NO. XIII.-MARCH, 1837.

ART. I. TOTAL AND NATIVE DEPRAVITY.

By REV. ALEXANDER W. MCCLURE, Malden, Mass.

It is devoutly to be wished that the gracious providence of God would raise up a competent historian of the controversy respecting depravity and grace. He might, possibly, do more than any other man has done, to settle this longagitated dispute. He might show that for centuries the Church had no occasion for it: that it is now no easier of adjustment than when it commenced: that beyond certain limits, it cannot be carried with any prospect of a peaceful termination; and that the conclusion of it can only be effected by replacing the contested subjects in the simple position which they hold in the word of God, and leaving them there to exercise their own unqualified influence.

We should look in vain for a systematic exhibition of these subjects in the Old Testament. From Genesis to Malachi, no trace of any controversy respecting them can be found.

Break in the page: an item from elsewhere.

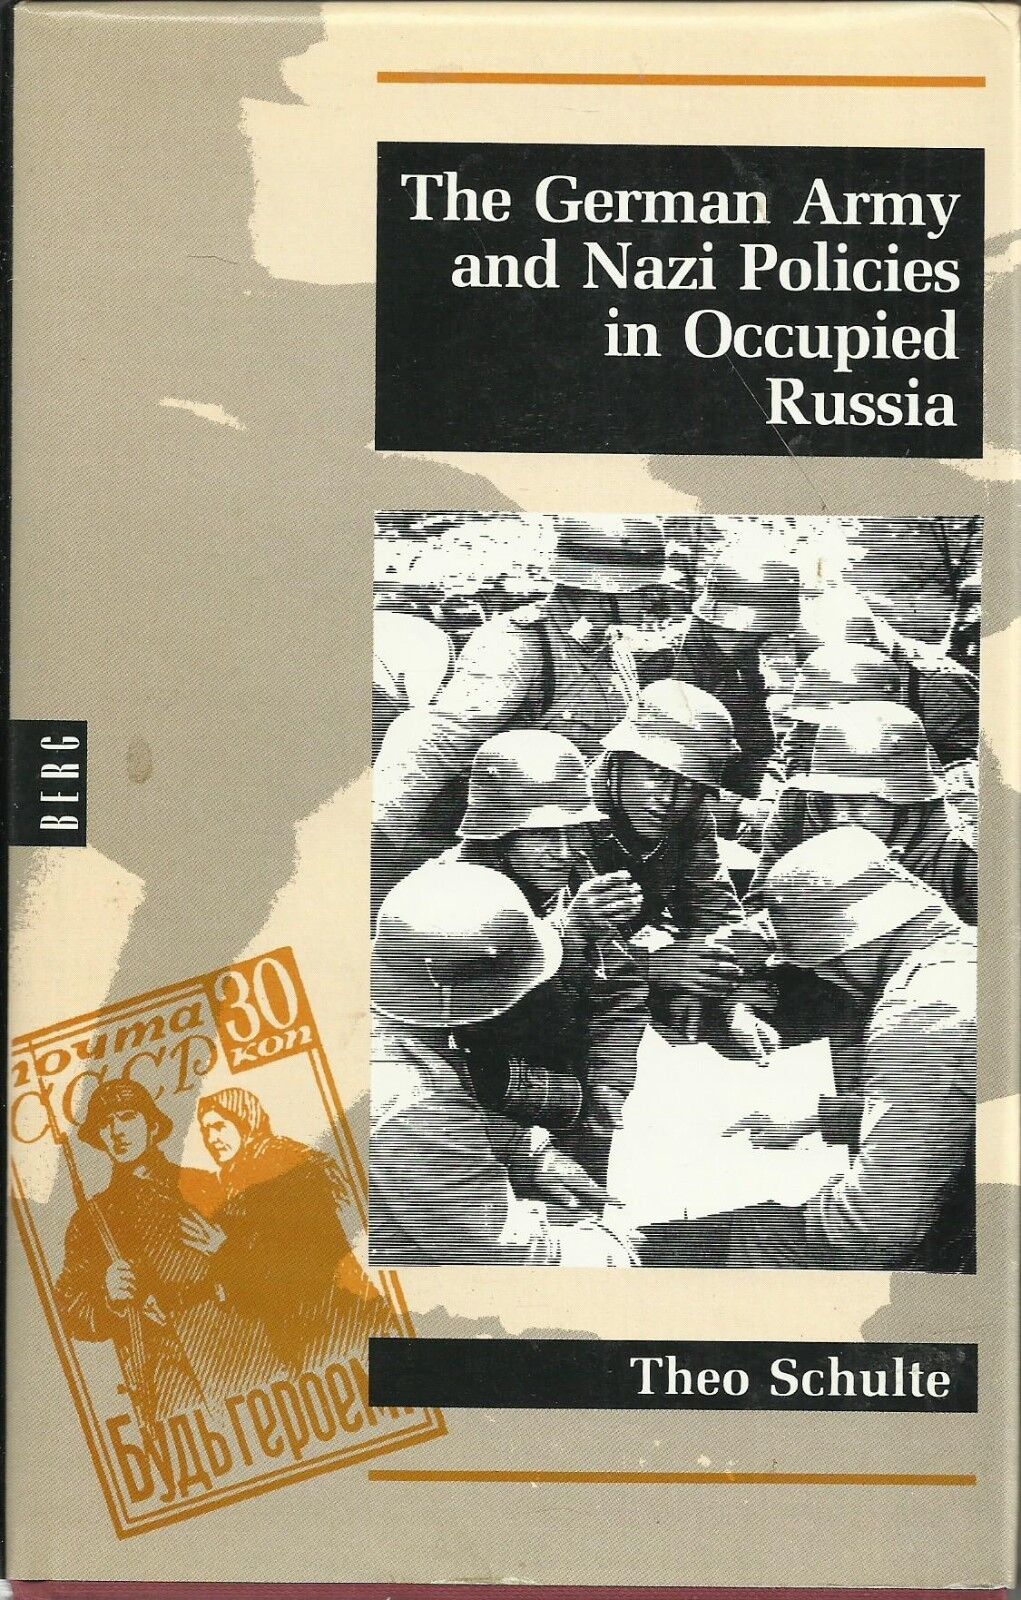 The German Army And Nazi Policies In Occupied Russia By Theo Schulte
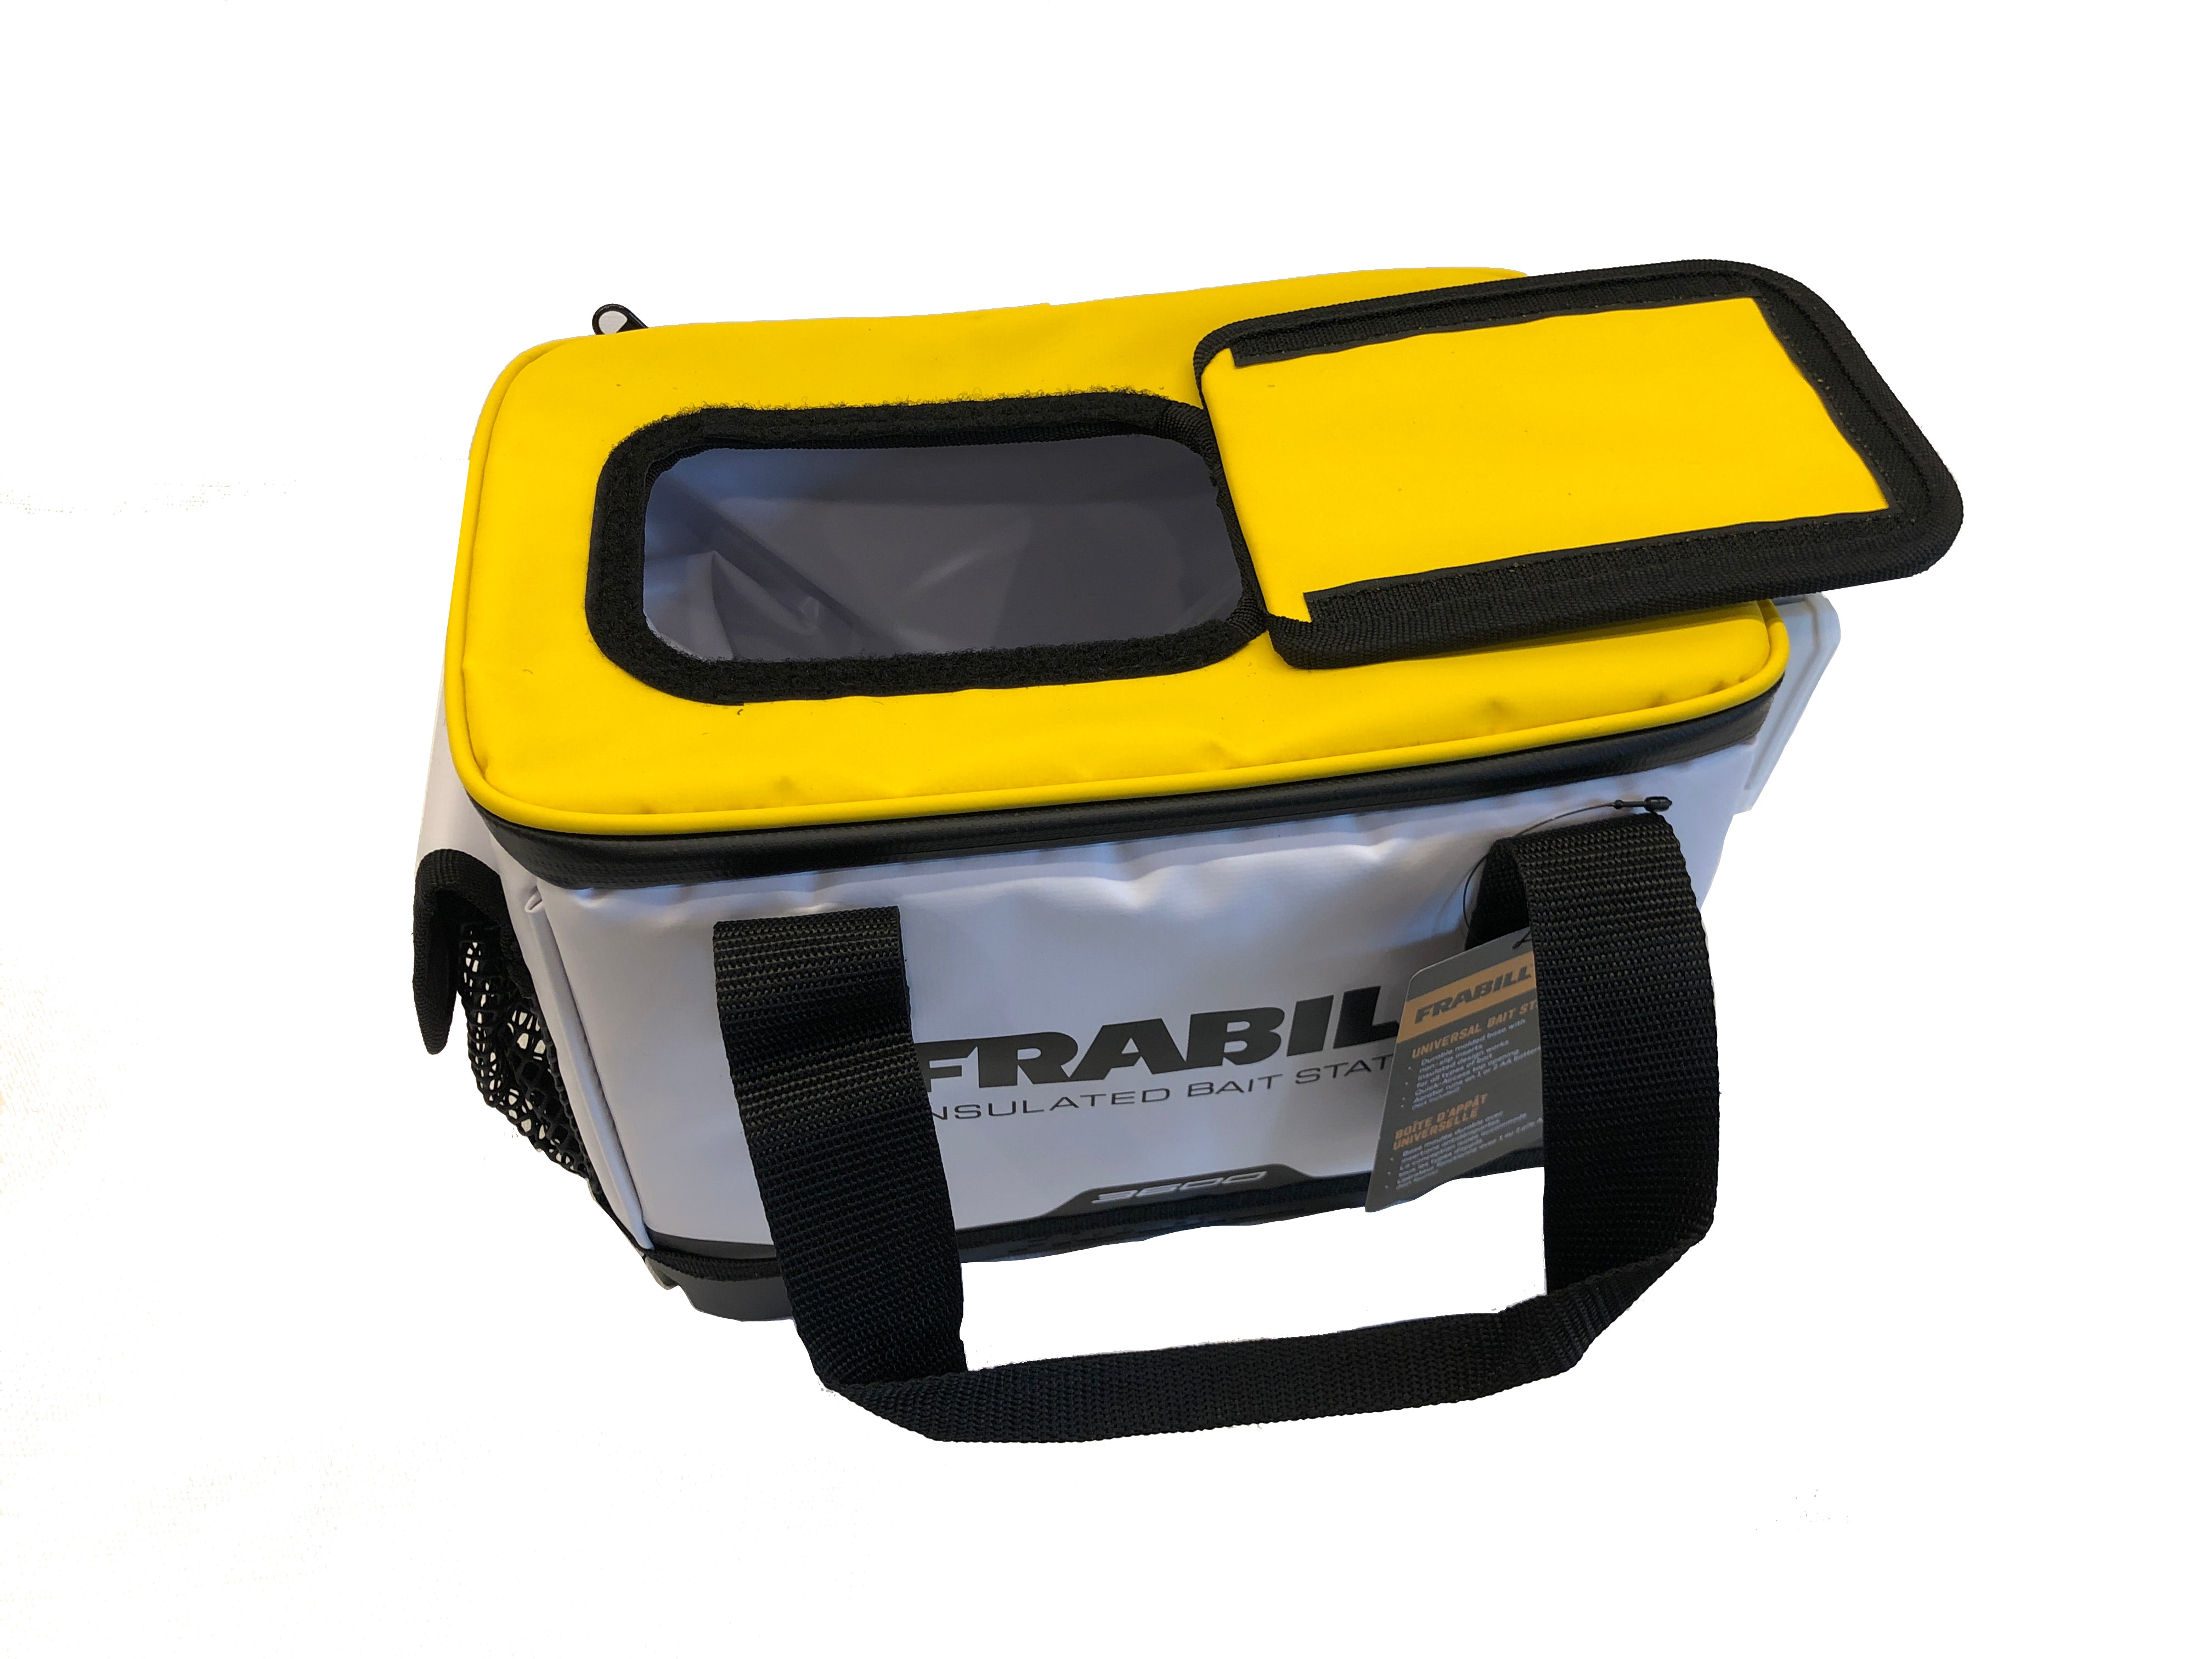 Frabill Universal Bait Station Review

In the Gospels, we find our Saviour strenuously opposing the false and sensual views of the Jewish doctors and people respecting morality, worship, the nature of the Messiah's kingdom, the mode of acceptance with God, and similar topics: but we do not learn that he was led by the heretical or speculative turn of his hearers' minds to dispute about original sin, or depravity, or grace. These subjects, wherever introduced in his discourses, occur incidentally, or come in by way of inference, or are simply asserted as "by authority," and then illustrated. If he enter into any argument respecting them, it is not in such a way as to suggest that they were, at that time, controverted doctrines. How could they have been so, when even the doctrine of regeneration, though clearly advanced in the Hebrew VOL. IV. (RECAP)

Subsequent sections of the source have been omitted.